* **PROBLEM TO SOLVE**:
Write the full listing out again, word for word, but omit the pictures.

* **AVAILABLE DATA**:
▶

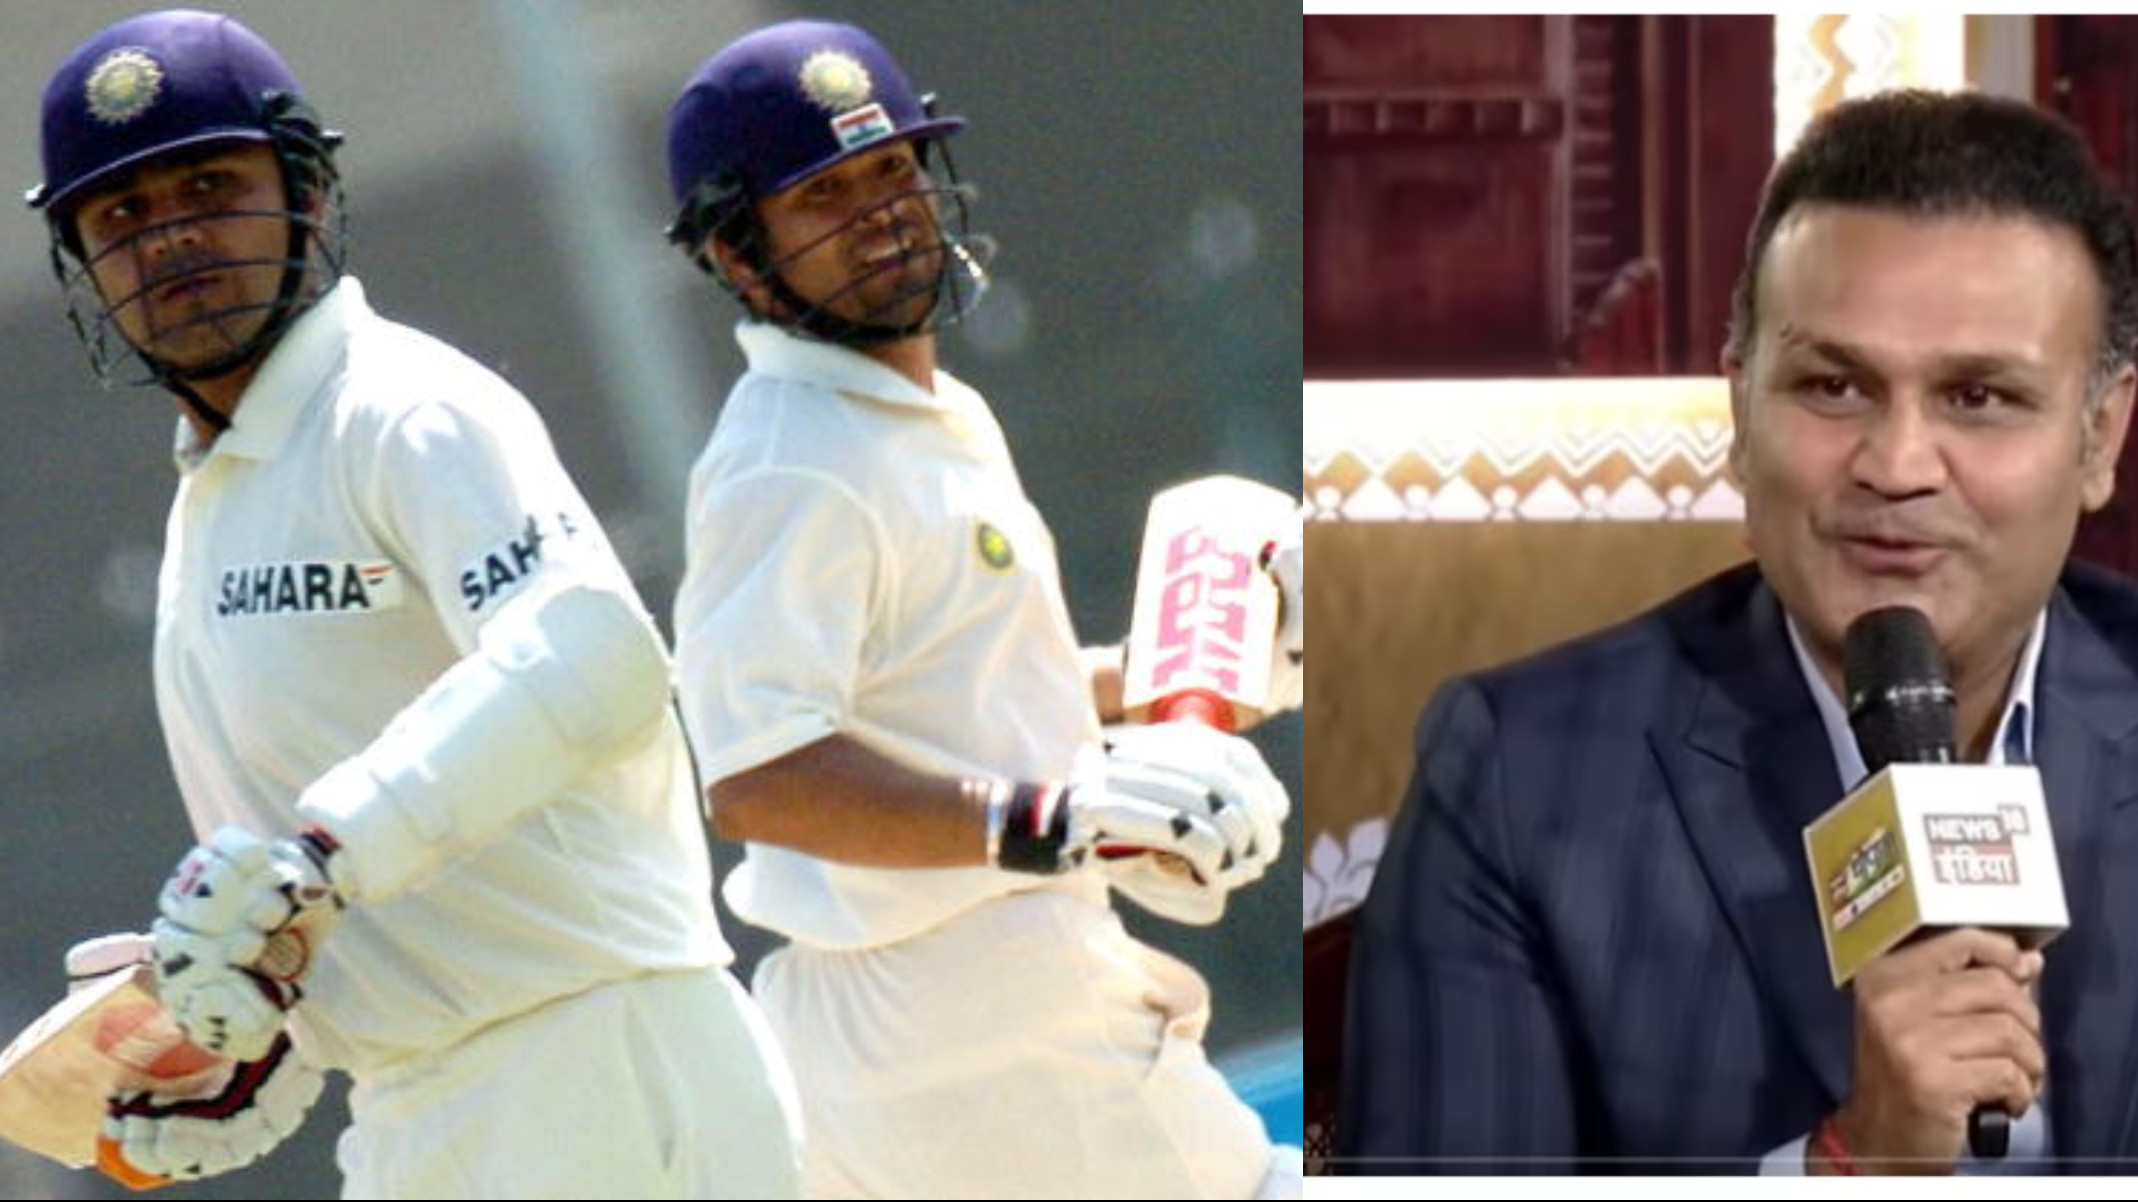 “I will hit you bat”- Sehwag recalls Sachin Tendulkar scolding him for wanting to hit a six on 295 in Multan Test
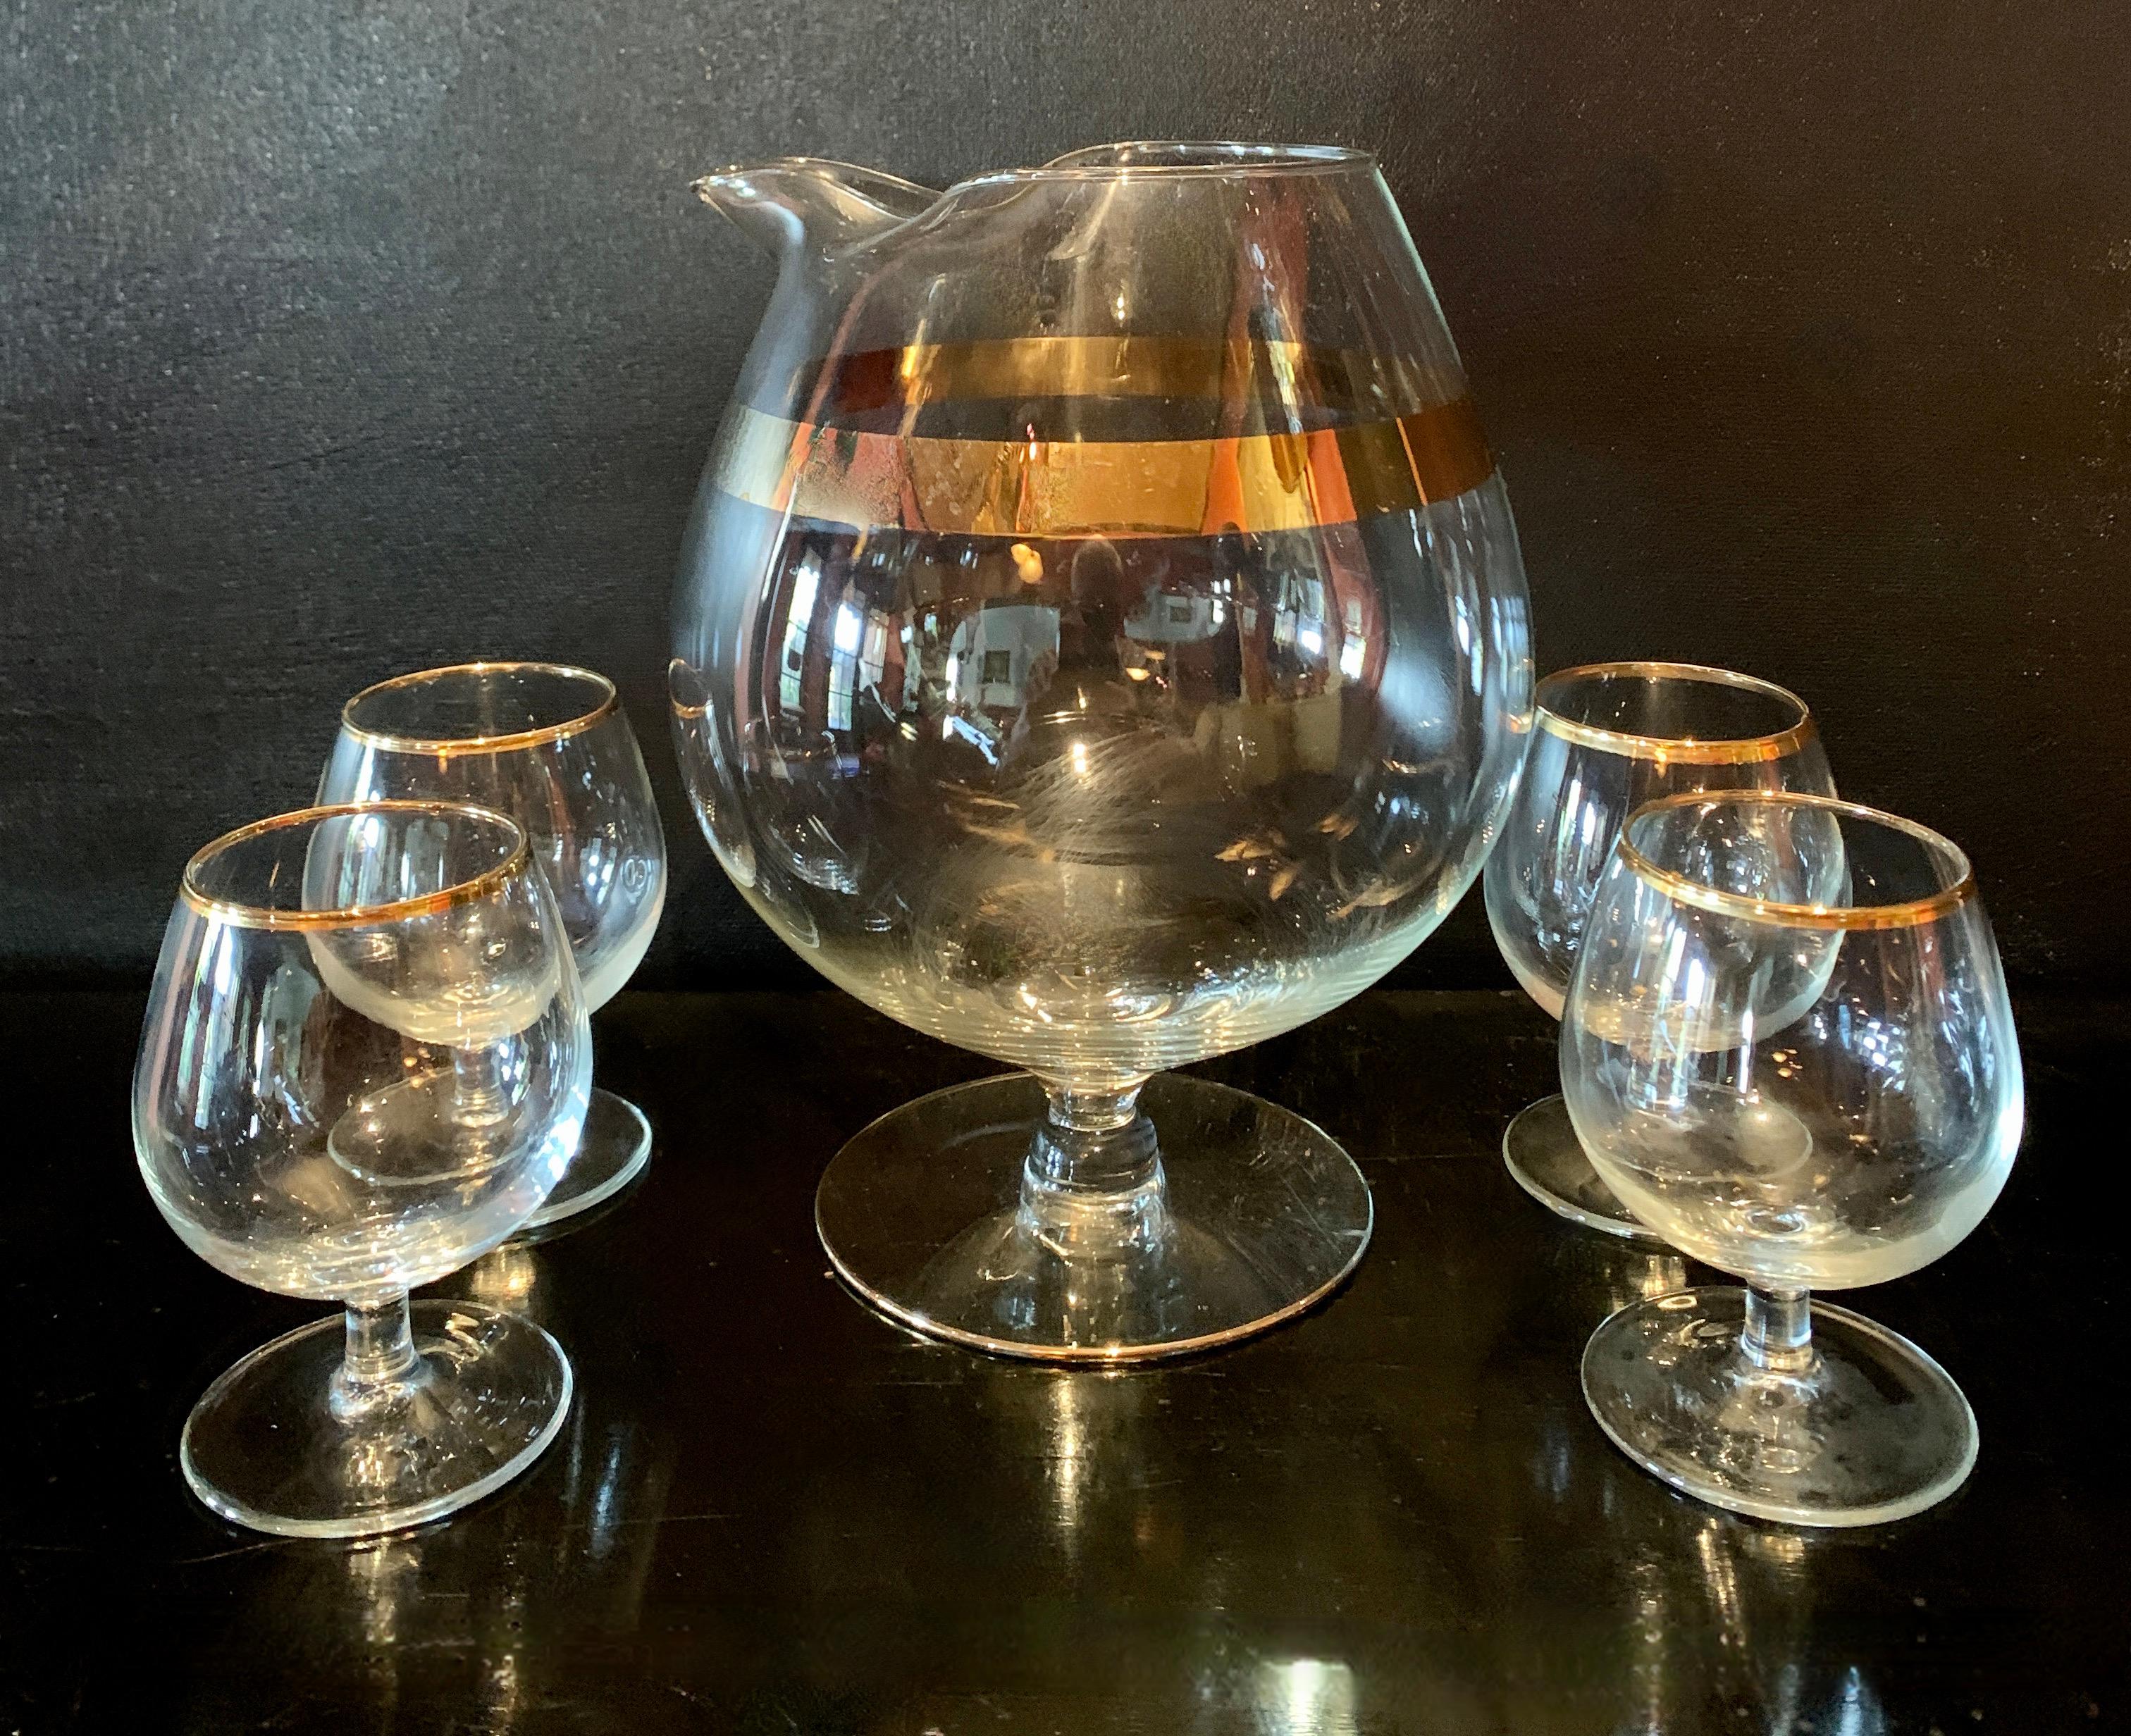 A lovely set of bar war. a Brandy Pitcher and glasses with gold rims - a compliment to any bar area.. very chic and ready to start the party. Hollywood Regency in the style of Dorothy Thorpe.
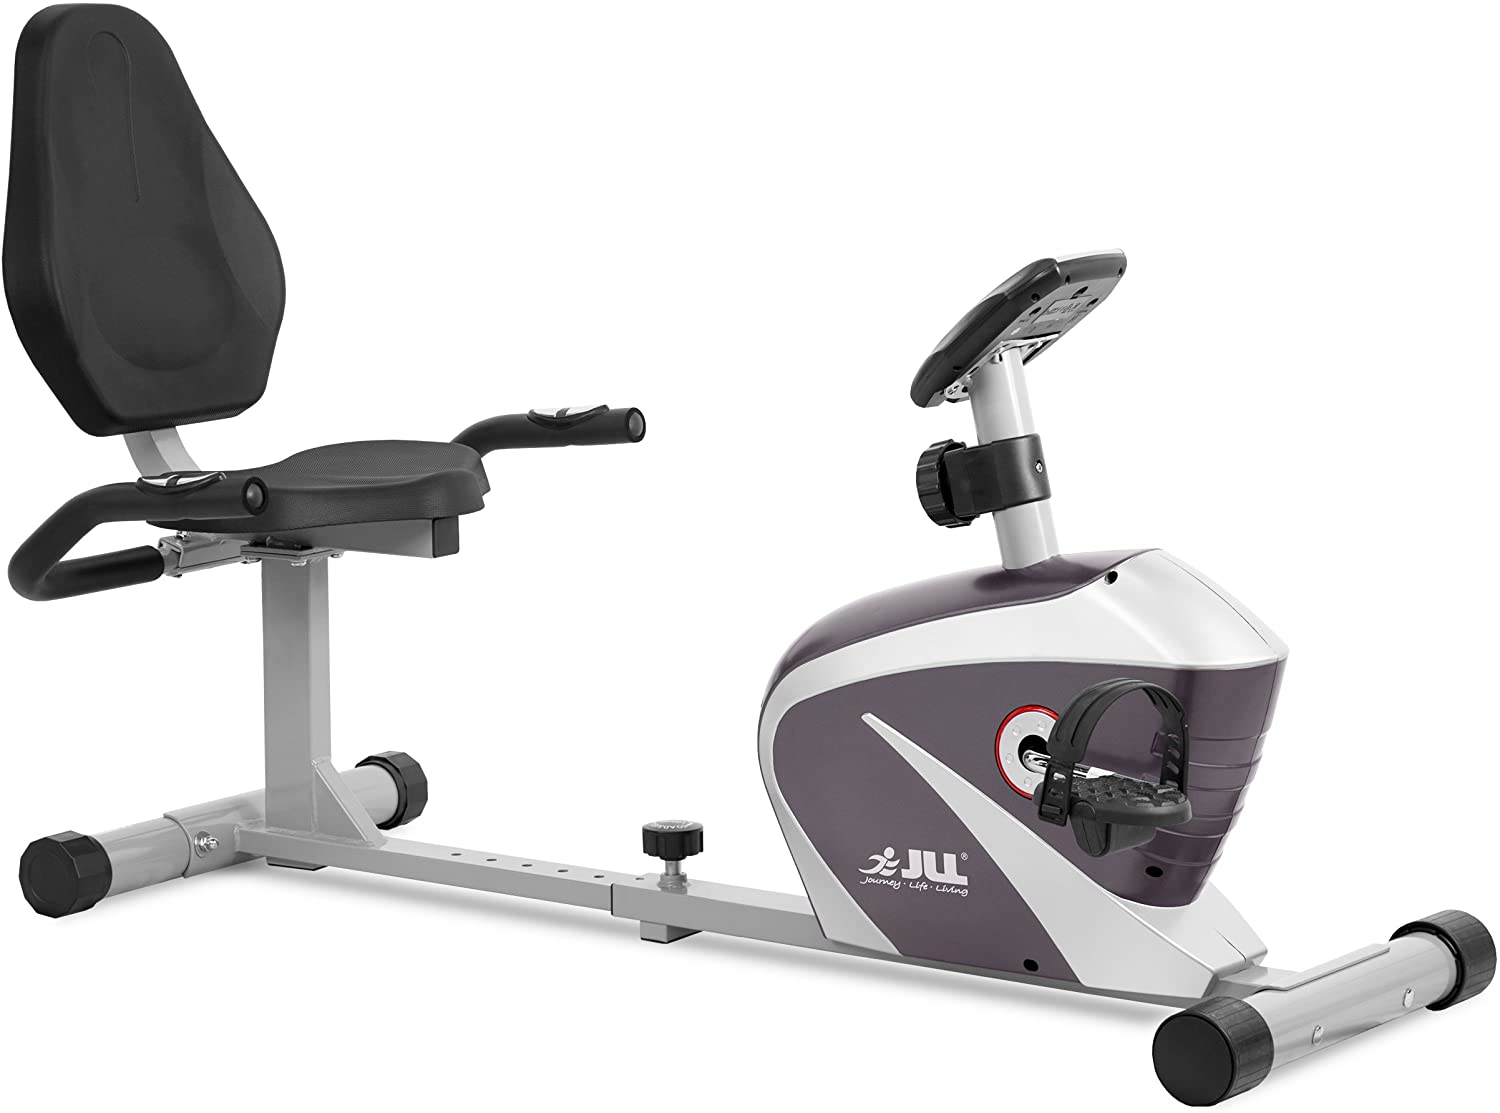 The 8 Best Recumbent Exercise Bikes Reviews and Buying Guide

◀

* **TASK OUTPUT**:
 “I will hit you bat”- Sehwag recalls Sachin Tendulkar scolding him for wanting to hit a six on 295 in Multan Test
 A lovely set of bar war. a Brandy Pitcher and glasses with gold rims - a compliment to any bar area.. very chic and ready to start the party. Hollywood Regency in the style of Dorothy Thorpe.
 The 8 Best Recumbent Exercise Bikes Reviews and Buying Guide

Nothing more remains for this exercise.